Just two weeks ago, Nobel prize winner Paul Krugman prominently criticized our profession arguing that mathematical models and abstract formulations got the better of the neoclassical economists who should have, but didn't, warn the world of very risky unregulated leverage. Why? perhaps 1) they just didn't pay attention, 2) they didn't know enough, 3) they were compromised by consulting deals by a financial industry that wanted praises, not rebukes.
What is the solution? Economists need to be broader, more self-critical, deeply knowledgeable about economic institutions. This is why it's dumbfounding that the University of Notre Dame created an economics department filled -- by intent! -- of only neoclassical economists and banned their Ph.D. economists who are policy-oriented and non-orthodox from the department.
I since left -- happily, to head to the New School for Social Research -- but I started my career on the Notre Dame faculty attracted by its mission to address problems facing humanity and thrived where neoclassical economists interacted with historians, policy economists, Keynesians, Marxists, philosophers, and other faculty deeply committed to the same goal.
Notre Dame students, faculty, and scholars everywhere question ND's move.
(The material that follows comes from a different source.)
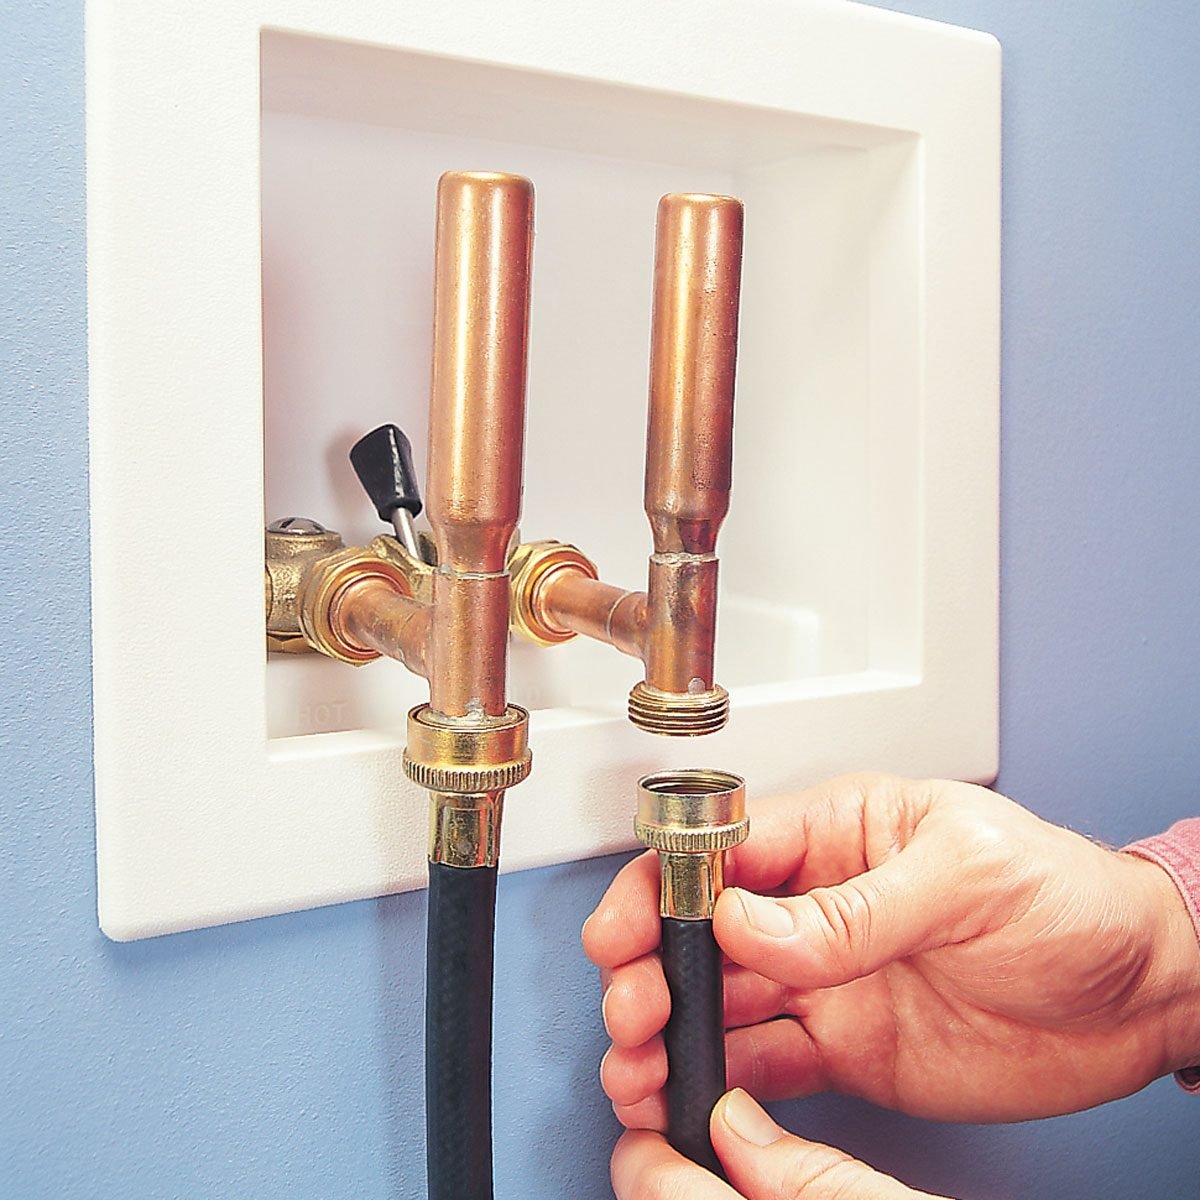 Water Pipes Making a Banging Noise? Here's How to Fix It
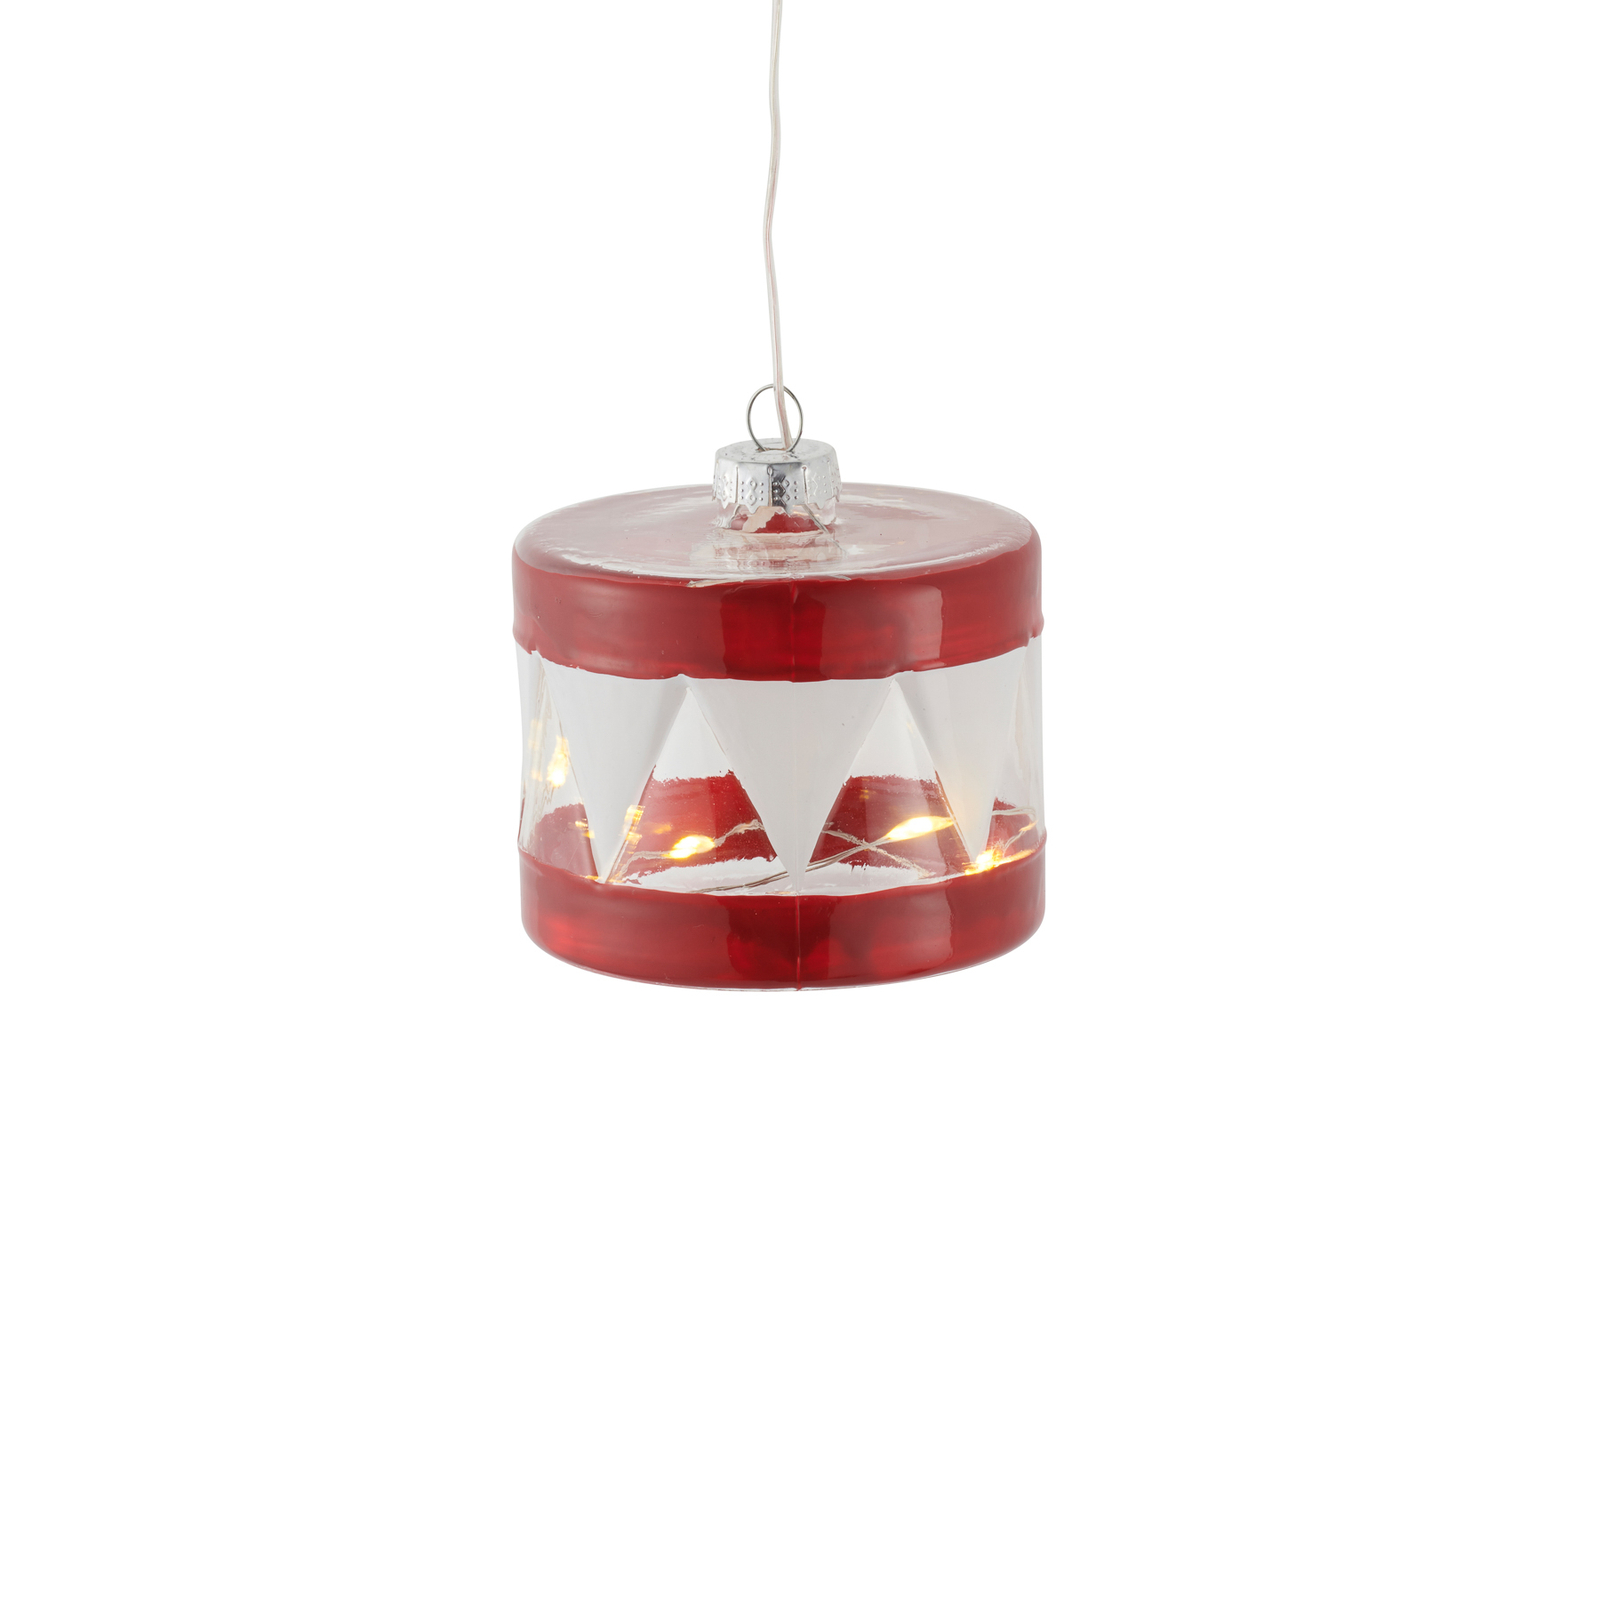 Decorative pendant Elly with LED, Ø 7 cm, red

Orthodoxy and intolerance in the economics profession helped plunge the world into the deepest recession since the 1930s: It doesn't take a rocket scientist -- or even an economist -- to recognize narrowness has a cost.
Here is a modest recommendation for this aspiring top-tier university: Put all the economists it hired for the economics department in an economics department and let ideas interact. After all that is what universities do and what economic thinking and economic regulation needs.


Comments
1. skocpol - September 23, 2009 at 07:52 am
Economists endowed their own cozy little Nobel "Memorial" Prize. Some good, broad thinkers have won it, and some rather narrow ones too. Watch carefully to see whether the optically, aurally, and orally challenged ones (blind, deaf, and dumb) succeed in taking over that part of the profession too.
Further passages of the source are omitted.